The Portuguese Parlamentary Elections  took place on 10 March 2024 to elect the members of the Assembly of the Republic for the 16th Legislature of the Third Portuguese Republic.

We would like to highlight the community’s contribution to this collection with a manual selection of 827 pages, which helped to improve the quality of the collection.

Around 500 compound terms or keywords were used to search for content published on the web about the elections. The service used for the automatic search was the Bing Search API. The results were limited to the top 20.
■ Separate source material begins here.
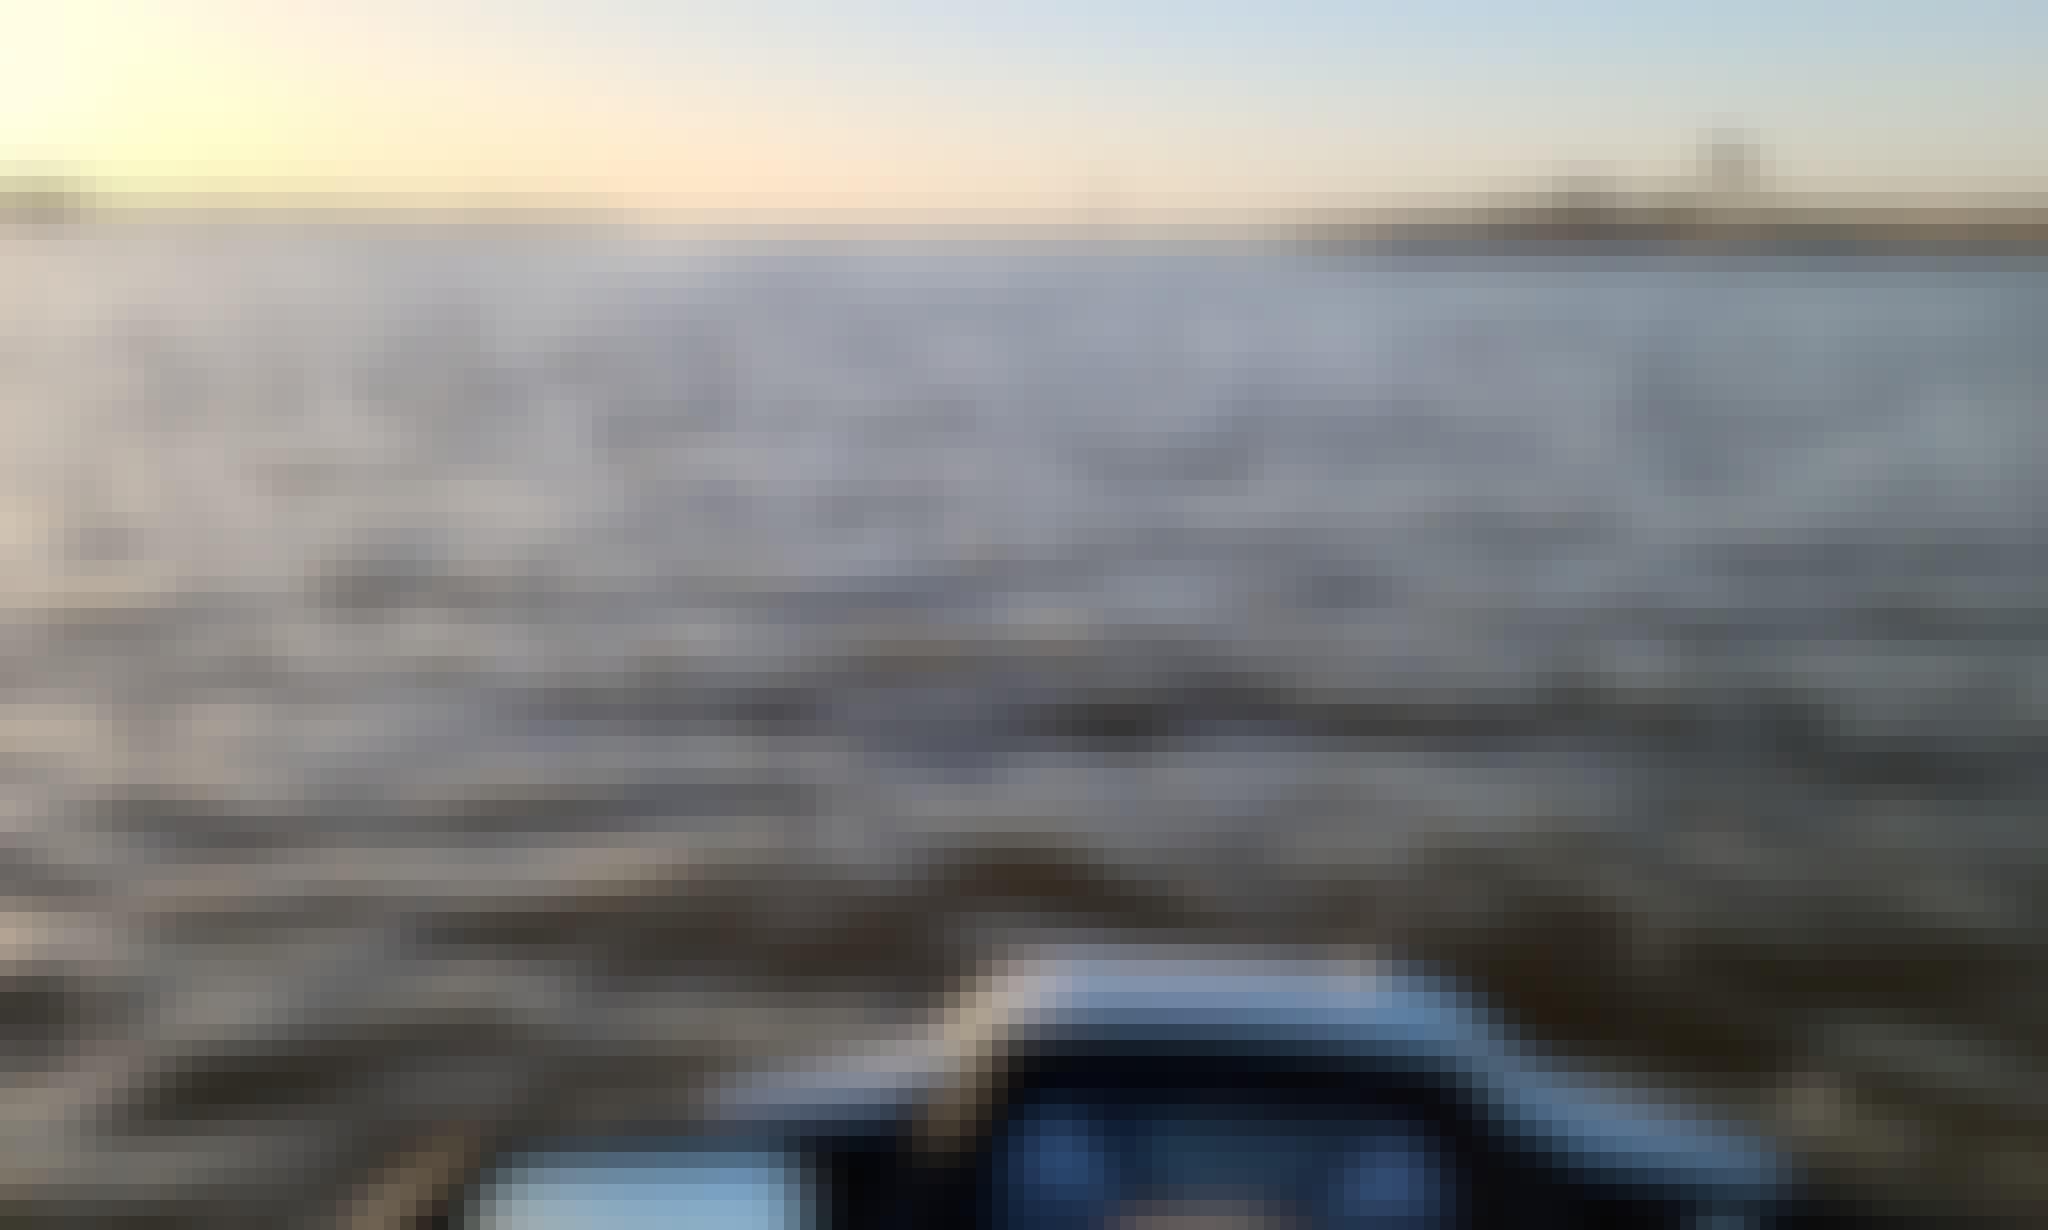 Yamaha Waverunner Jetski Rental on Clear Lake Texas
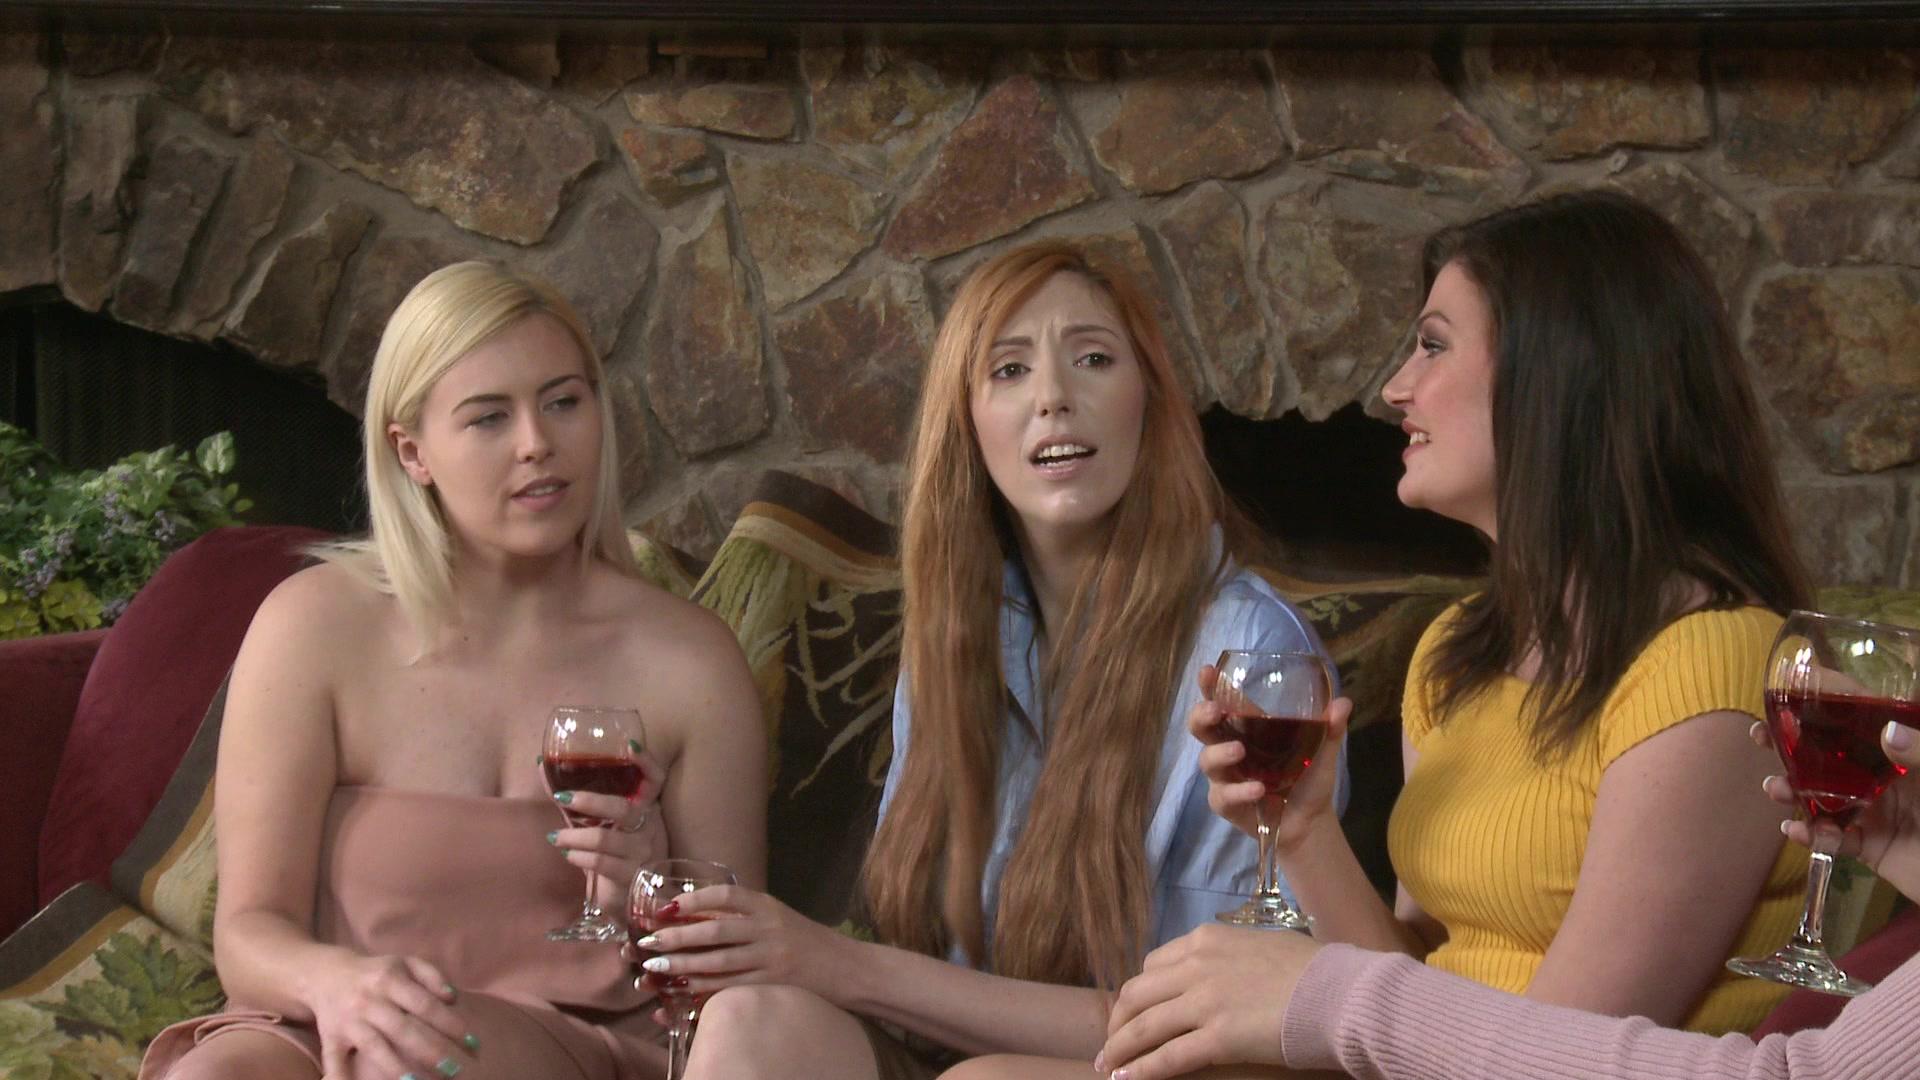 Man sulking women pussy, danielle colby crushman nude

For example, the compound term ‘head-to-head legislative 2024’ found pages relating to debates between candidates. The term ‘legislative housing 2024’ found pages relating to party proposals for housing. The term ‘legislativas 2024 site:expresso.pt’ identified Expresso pages about the elections. The names of the candidates were also used.

After the elections, search terms specific to that period were used, such as ‘legislative victory 2024’, ‘legislative defeat 2024’ or ‘legislative results 2024’, among others.

The automatic search in the Bing Search API resulted in 34,120 addresses obtained before the elections and 5,803 after the elections.

The websites of political parties, including parties without parliamentary seats, were also collected during the election period.

Not all the content identified could actually be recorded, due to the limitations of the recording tools or the restrictions of the websites themselves.

The tools Heritrix, Brozzler and Browsertrix-cloud (beta version), courtesy of Webrecorder.net, were used for the recording.

The recording took place between 6 and 20 March and resulted in 3.2 Terabytes of information. The contents have been included in the EAWP45 special collection and will be available after one year.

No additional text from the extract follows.